What would be the output of the following?

`>>> 2 + 3 * 5`

Got 25? Unfortunately, that is wrong. This is because multiplication has higher precedence than addition. Most programming languages have the concept of “precedence”, which is set of rules about the order of operations. By default, the operations are performed from left to right but operations with higher precedence are always executed first.

For the above question, the right answer is 17 since “3 * 5” is evaluated before adding it with 2. If you really want to get an output of 25, you can make a slight modification.

`>>> ( 2 + 3 ) * 5`

The parentheses or the bracket will force “2 + 3” to be executed before multiplying with 5. Please see here for a complete reference on operator precedence.

### Decimal, Binary, Octal and Hex

Integers have “base 10”, meaning there are 10 numbers (from 0 to 9) to represent any integer of “base 10”. With “base 10”, we count from 0, 1, 2, 3, 4, 5, 6, 7, 8, 9 and then we start the sequence by adding “1” on the left or 10th place.
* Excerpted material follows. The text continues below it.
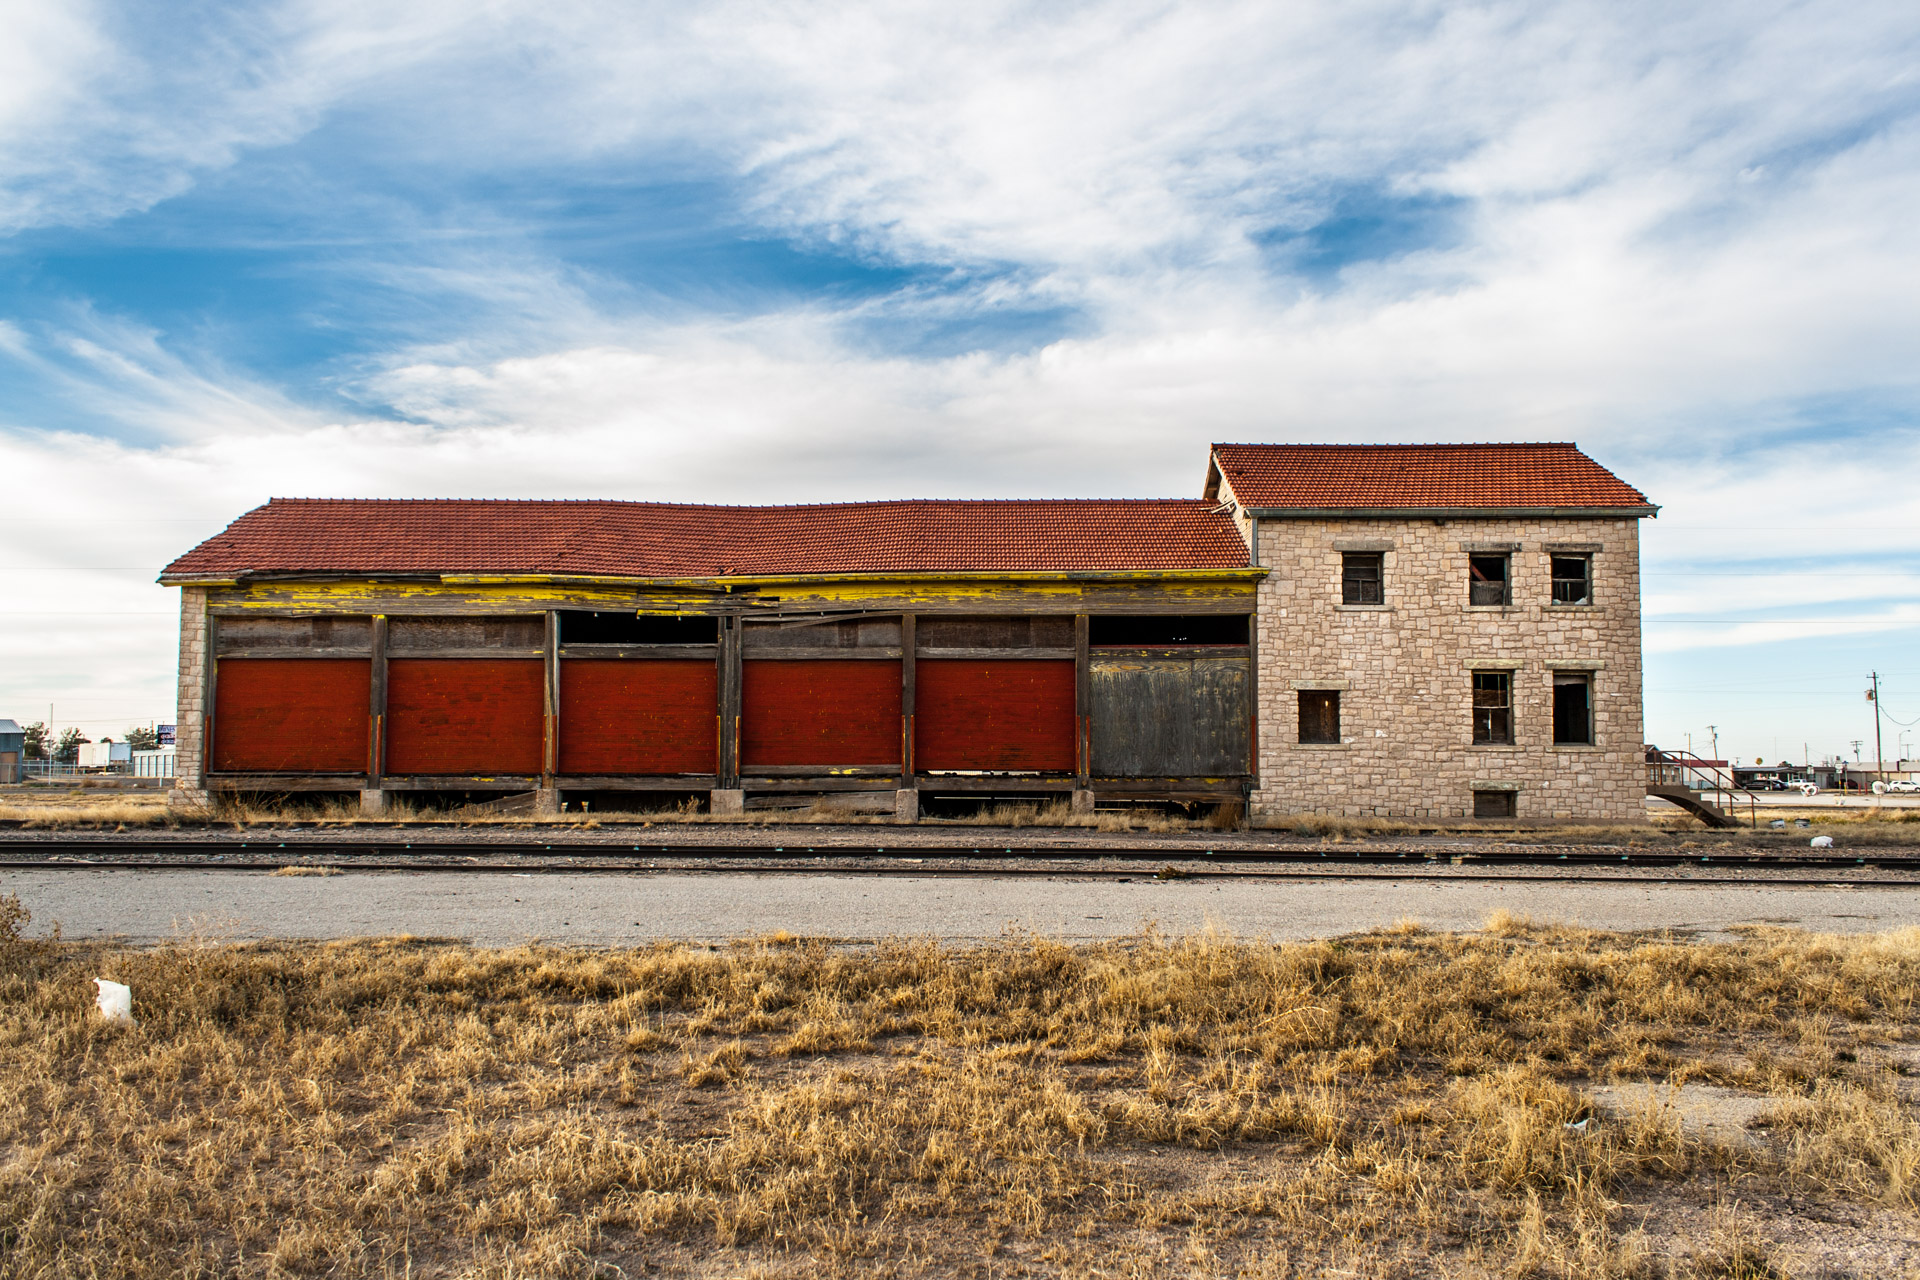 Fort Stockton, Texas - A Colorful Train Depot (back far)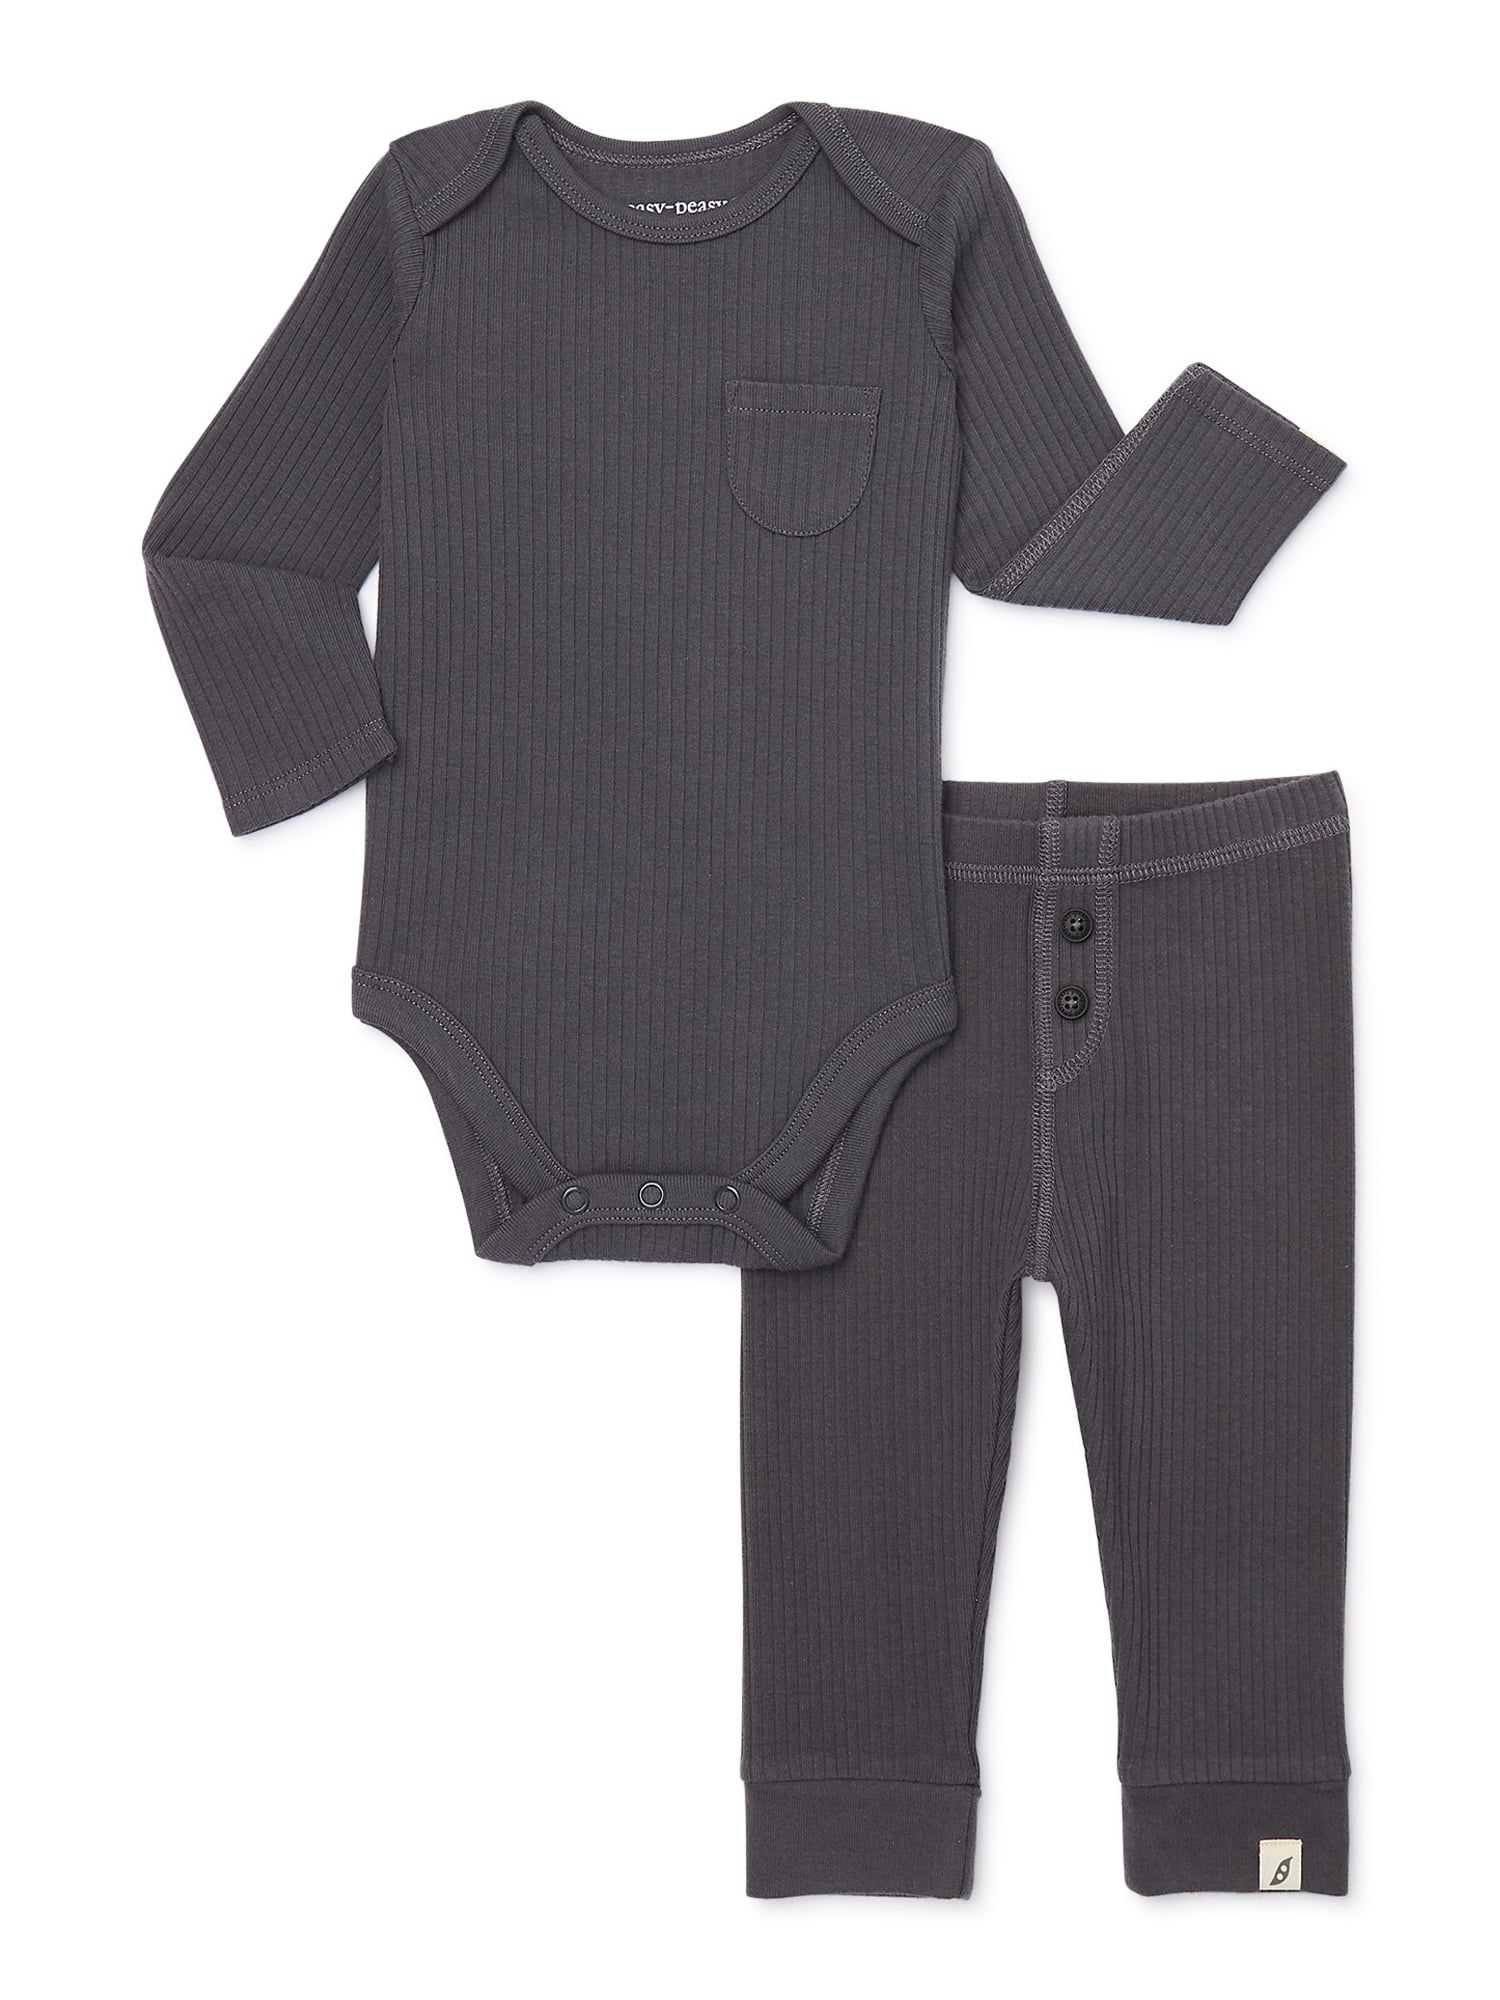 easy-peasy Baby Bodysuit and Leggings Set, 2-Piece, Sizes 0M-24M | Walmart (US)

Base essentially defines how many digits you can use to represent any number. Other commonly used bases are “binary”, “octal” and “hex”.

The binary base system has only two numbers – 0 and 1. You can represent any number using these two numbers and this is the foundation of representing data in computers.

The octal (base 8) system has 8 digits – 0, 1, 2, 3, 4, 5, 6, and 7.

The hex (base 16) system has 16 digits. They are 0, 1, 2, 3, 4, 5, 6, 7, 8, 9, A, B, C, D, E, and F.

You can specify different bases using prefixes as follows:

- 0b for binary (base 2)
- 0o for octal (base 8)
- 0x for hex (base 16)

Here are some examples and please note that Python interactive interpreter will print the values in “base 10” format automatically.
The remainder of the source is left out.